#### Your objective:
Type out the listing below exactly. Pictures stay out of it.

#### Supplied material:
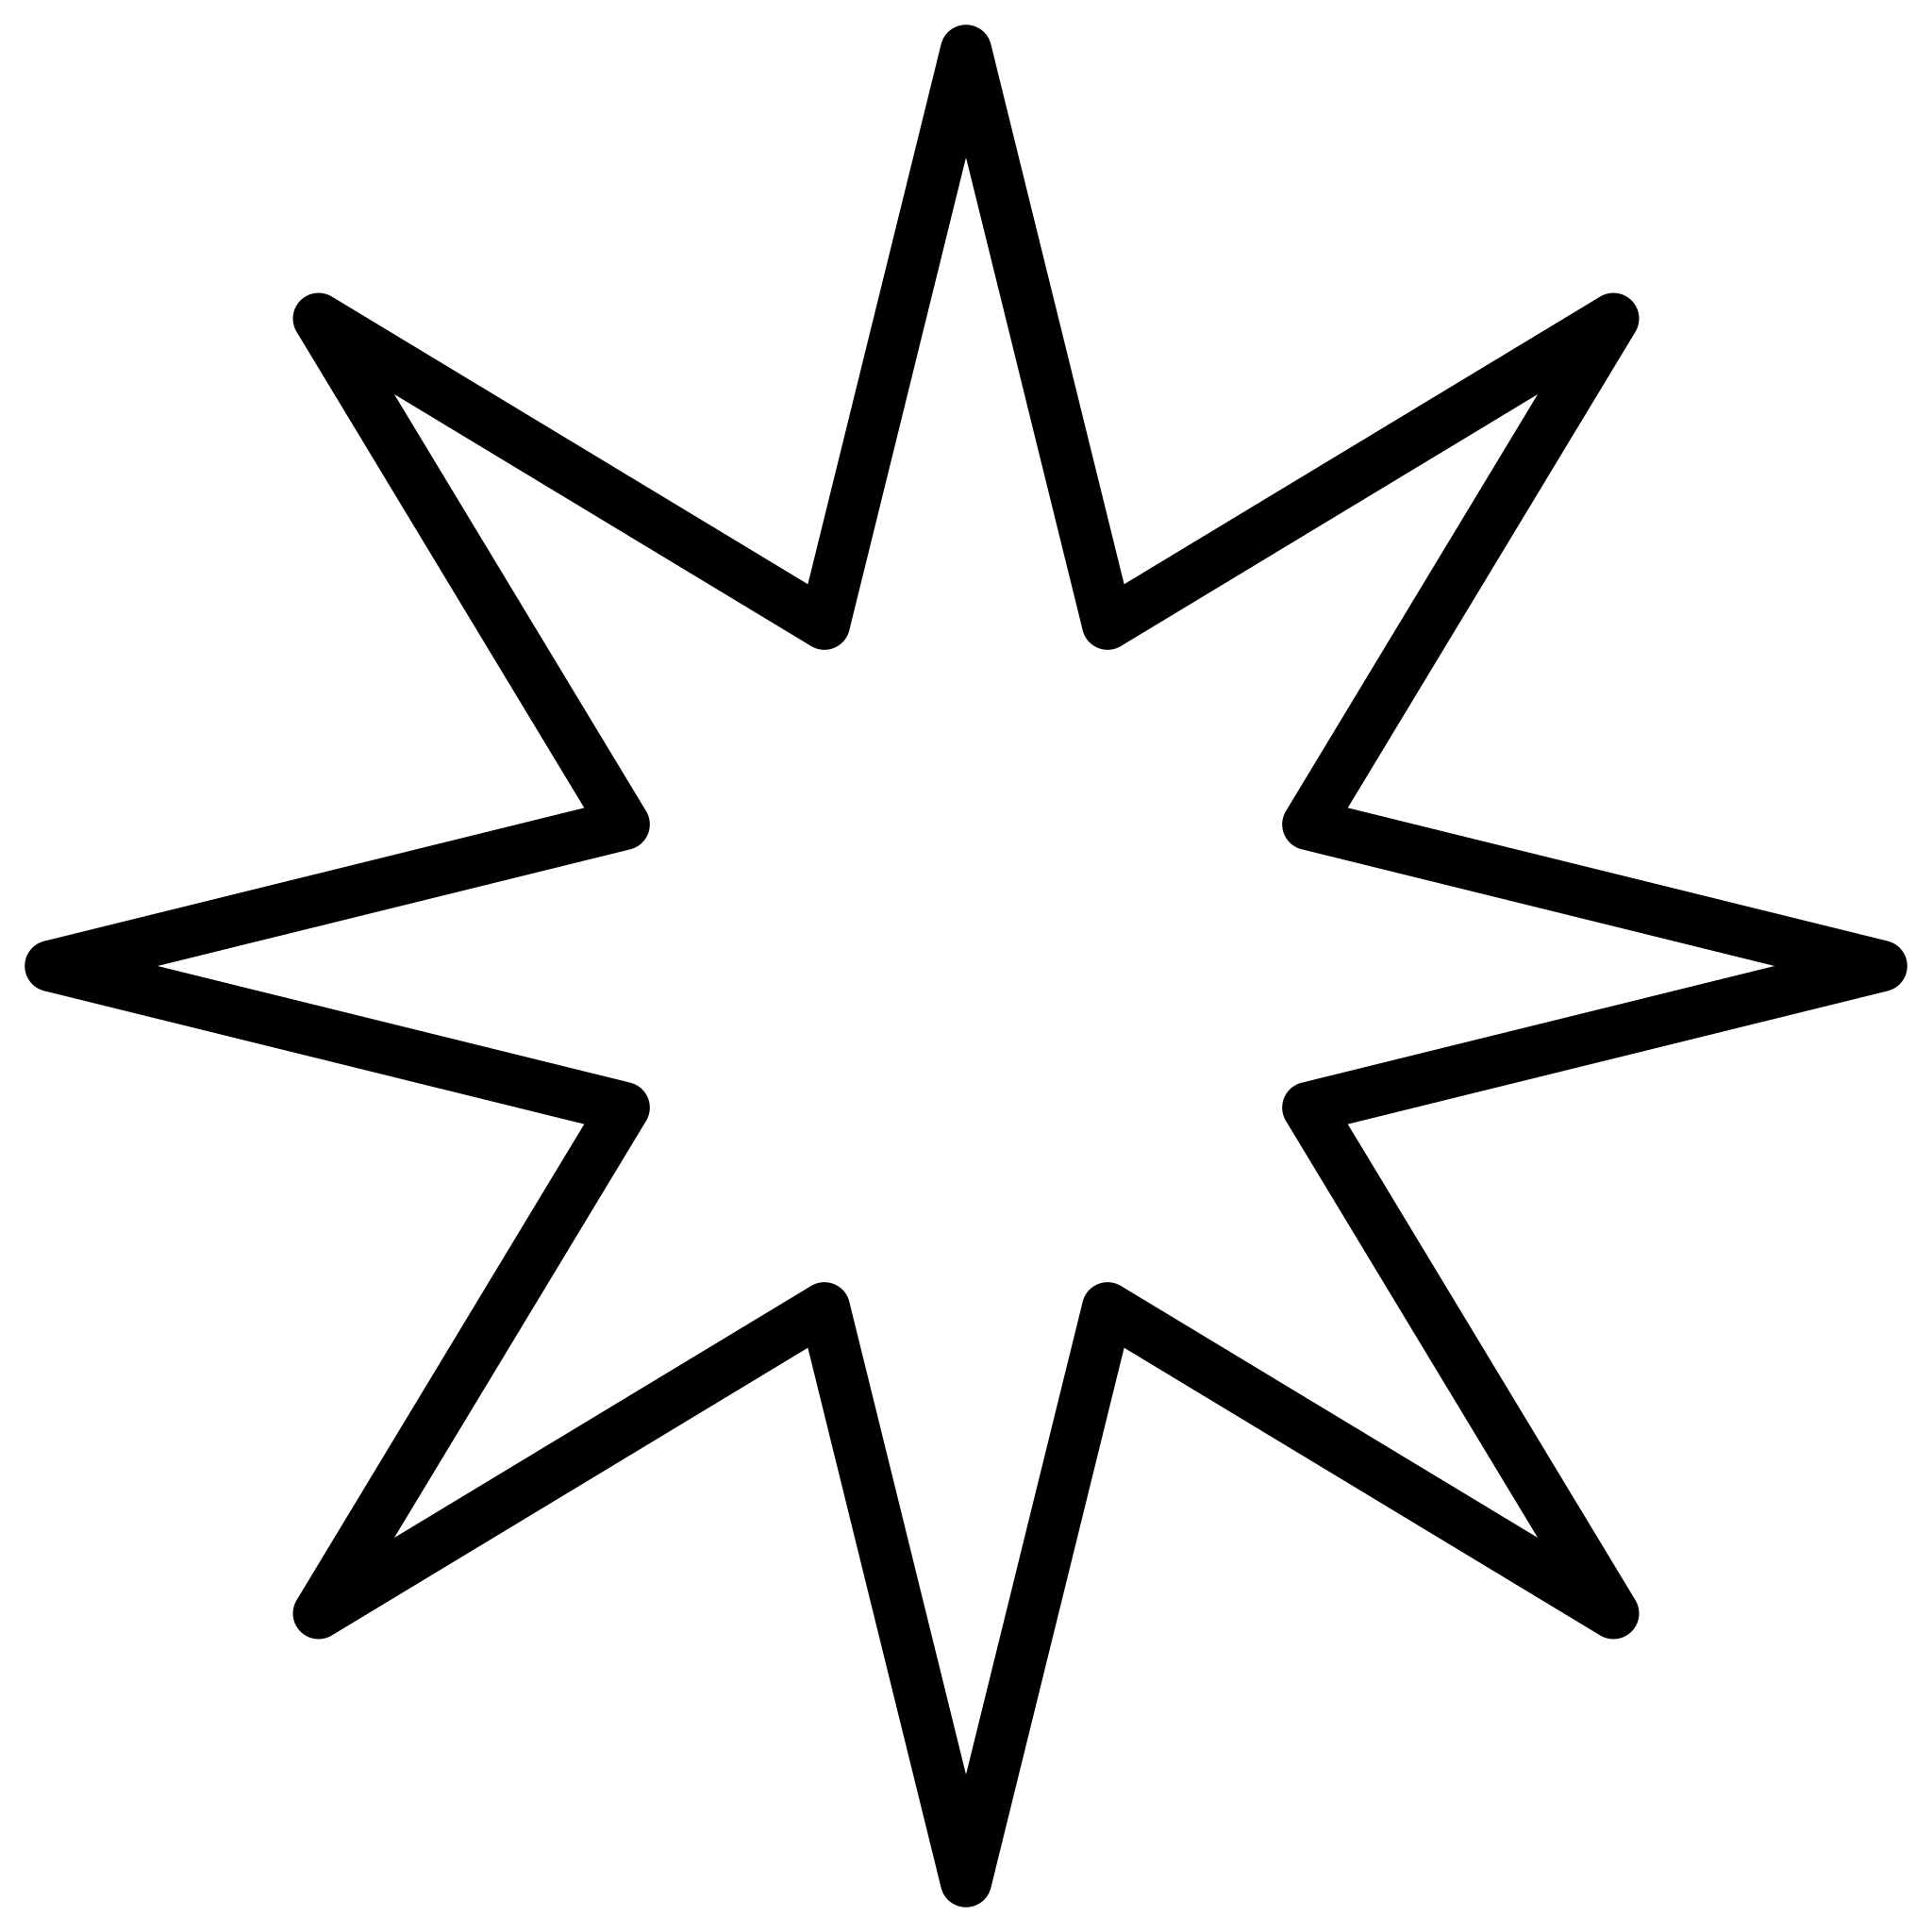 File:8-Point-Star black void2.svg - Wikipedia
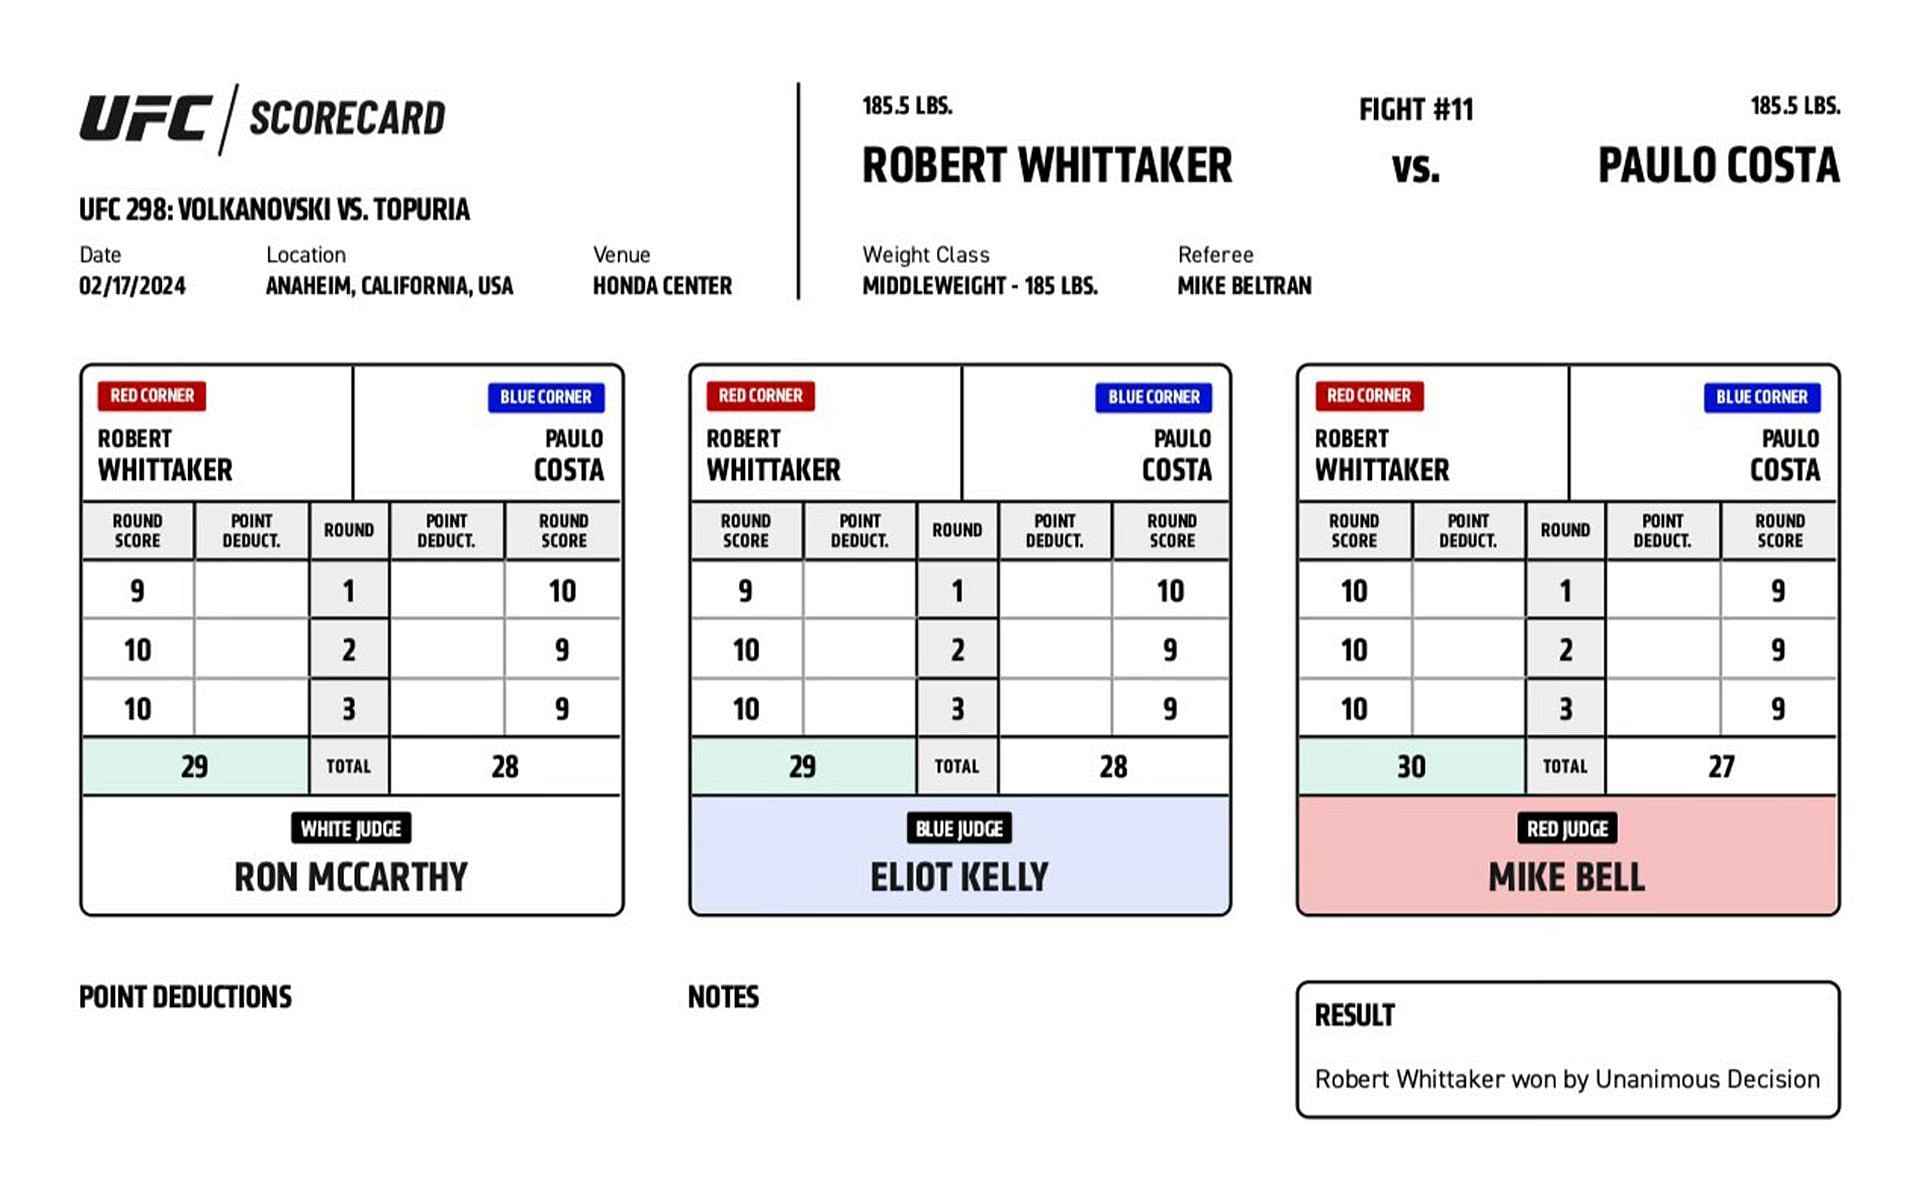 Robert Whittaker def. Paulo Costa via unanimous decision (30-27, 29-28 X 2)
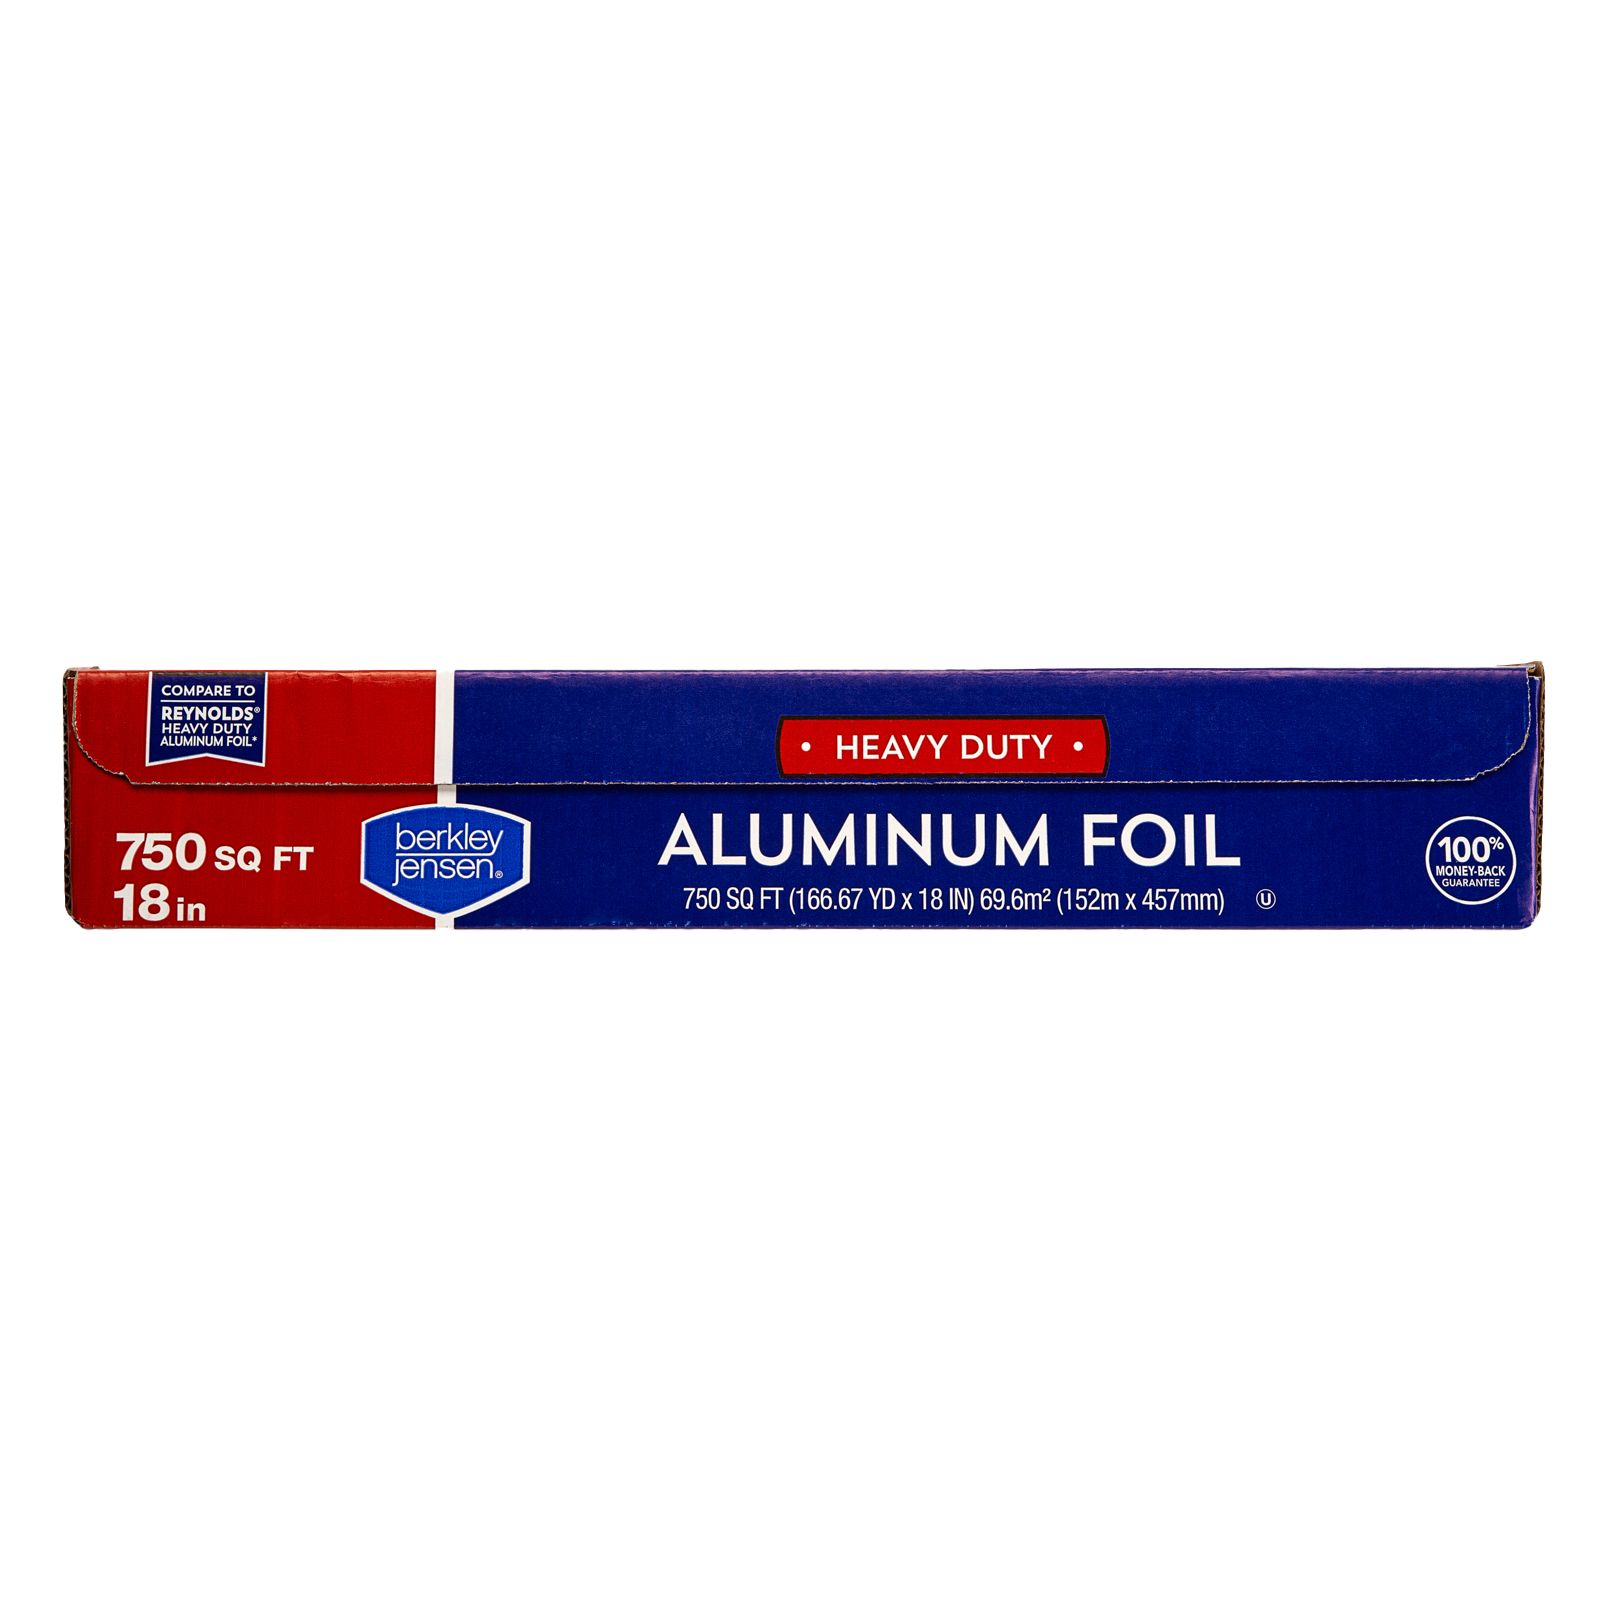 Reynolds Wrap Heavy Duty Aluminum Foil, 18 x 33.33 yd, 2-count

#### Answer space:
 File:8-Point-Star black void2.svg - Wikipedia
 Robert Whittaker def. Paulo Costa via unanimous decision (30-27, 29-28 X 2)
 Reynolds Wrap Heavy Duty Aluminum Foil, 18 x 33.33 yd, 2-count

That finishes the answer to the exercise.